Google is the dominant online force, and one of the biggest tech companies ever created. Its name has become synonymous with search, and its reach has extended to real-life navigation, interpersonal interaction, mobile functionality, and dozens of other functions. But even so, Google is not wholly independent; in addition to developing its own technologies, Google has historically been open to partnering with others to achieve the best possible result for online user experience.
A recent explosion in app integrations for Google Now is of particular interest. In the short-term, this new functionality is convenient and useful for consumers, but it also suggests an interesting long-term vision for Google’s future.
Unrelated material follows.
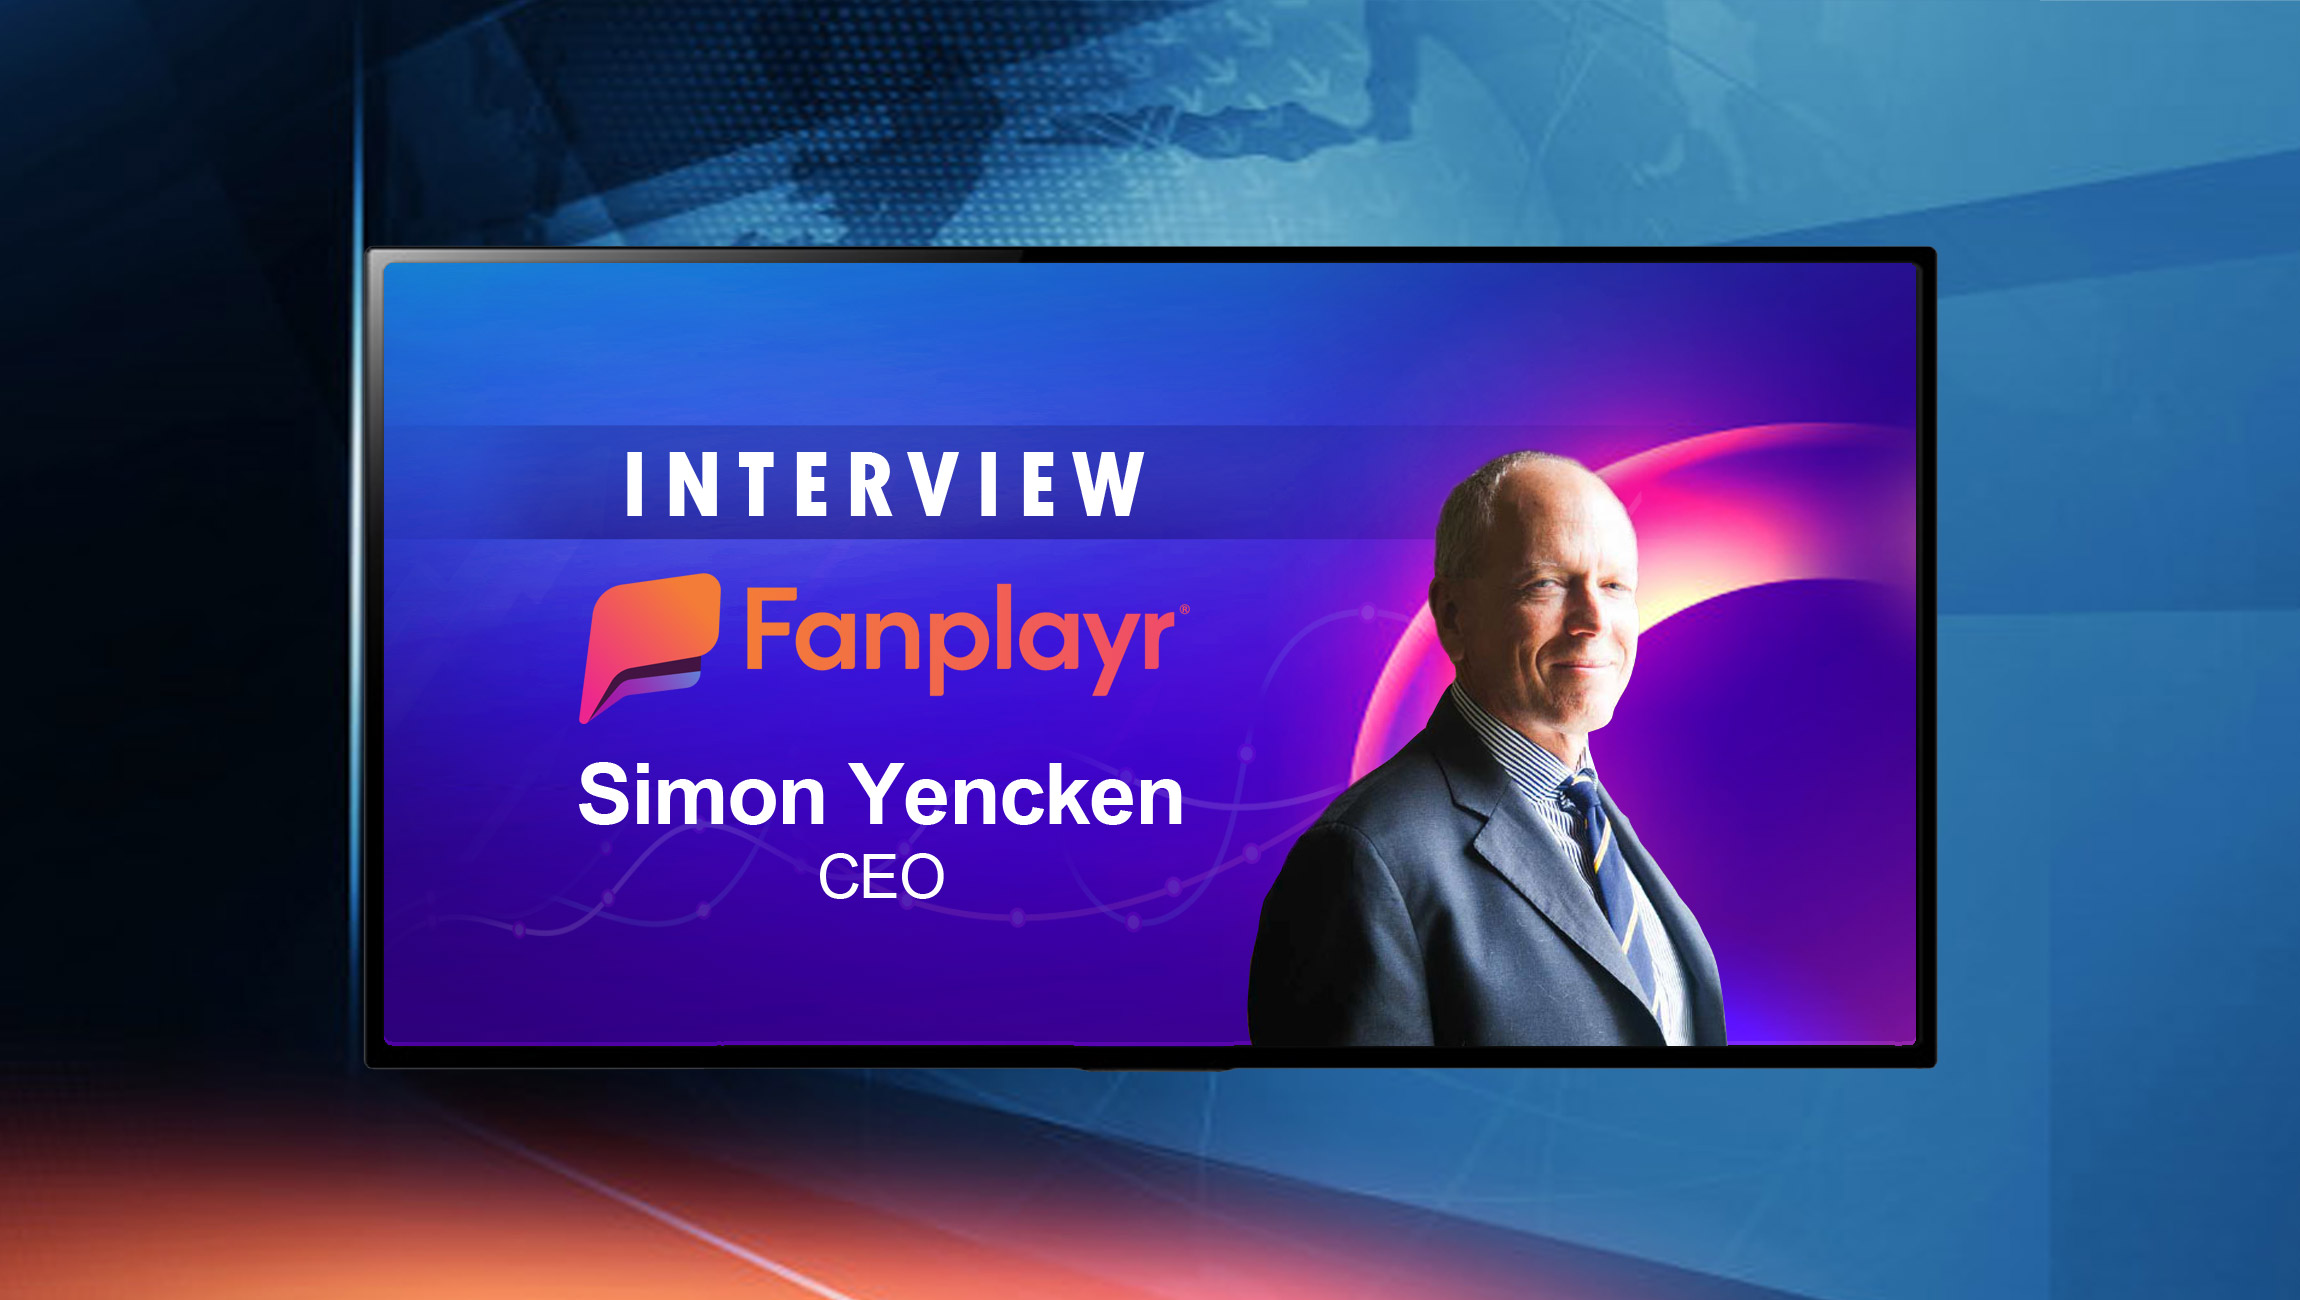 SalesTechStar Interview with Simon Yencken, CEO at Fanplayr

Those unfamiliar with Android devices or Google Chrome may not be aware that Google Now is a type of personal digital assistant, analogous to Apple’s Siri. Accessible within Chrome or Google Search, Google Now exists to help users find information and functionality they want based on contextual clues; in some ways, it’s a mini search engine with independent functionality designed to give a user a single answer rather than a list of options to explore.
Back in January, search marketers were particularly interested in Google Now after a significant boost in functionality; Google announced an integration with 40 different third-party apps. For example, the integrated Pandora app allowed users to access music within Google Now’s broader context, and similarly, users could request rides within Google Now by using the integrated Lyft app.
At the end of April, Google made a similar, even bigger announcement: it was adding 70 new apps to its third-party functions. Because each of these apps presents information in a similar, card-like form, the user experience is consistent despite moving from application to application.
The list of apps available on Google Now is pretty impressive, and it just keeps growing. In fact, Google is more than just open to using other apps—it’s actively encouraging developers to integrate. For example, it makes its integration documentation available to developers so they can easily adjust their apps and submit them for integration.
This isn’t the first time that Google has been open to integrating with other services, though with Google Now, the search giant appears to be taking a different approach. For example, last year, Google Maps integrated functions with Uber and with OpenTable to allow users to estimate ride fare and place restaurant reservations, respectively. So why is Google trying so hard to partner with outside forces?
Looking at Google’s past, third-party apps weren’t always treated with such enthusiasm. Instead, Google tried to do everything itself. You can see this in the wide range of products Google began offering and promoting throughout the mid- to late-2000s. Gmail, Google Maps, and Google Drive were all examples of this, as was Google+, launched as a direct competitor to Facebook and Twitter. Google’s long-term strategy seemed to be to find what type of apps people liked, make a better version of it, and promote it under the Google family of brands.
Now, Google’s approach seems to be shifting. With the blanket power Google has with its own operating system, its own digital assistant, and its own web browser, the search giant has the ability to incorporate other independent functions without sacrificing the visibility or user base of its own brand. In fact, other third-party brands would probably jump at the opportunity to be involved with a powerhouse like Google. Integrating those apps has virtually no downside for the visibility or usage of the Google brand; instead, it only increases the perception that Google is a useful service, because it combines so many other popular apps in such as convenient way. It’s a move toward a better user experience, which has always been Google’s ultimate goal.
The rise of mobile technology has led to the development of app-based functions; rather than using a web browser to find information or a service, users can consult apps directly for specific functions or specific types of information. As a result, fewer users are consulting web browsers and conventional web searches for their queries.
Google picked up on this trend early, and is doing everything it can to stay ahead of the technology race. While the company is still making strides in traditional online experiences and traditional search, it’s also heavily investing in its vision of the future; one where an “online experience” is dictated by a single operating system, switching seamlessly between different apps as needed without losing the cohesive factor of a blanket brand.
Should this trend continue to develop and users gradually warm to the idea of using apps exclusively for their online needs, the traditional “web” as we know it will slowly dissolve away. Traditional websites will no longer be necessary, and may no longer be relevant. Search engine optimization (SEO) will no longer be effective in its current form. Listings in aggregated services will become more important than individual services themselves.
Of course, this is a radical vision, and one that wouldn’t feasibly occur for another decade or so, but it is a possible future. One thing is for sure; Google is counting on the power and diversity of individual apps to continue growing, and it’s investing its resources accordingly. It’s time to start hedging your bets and develop an app for your business if you haven’t already.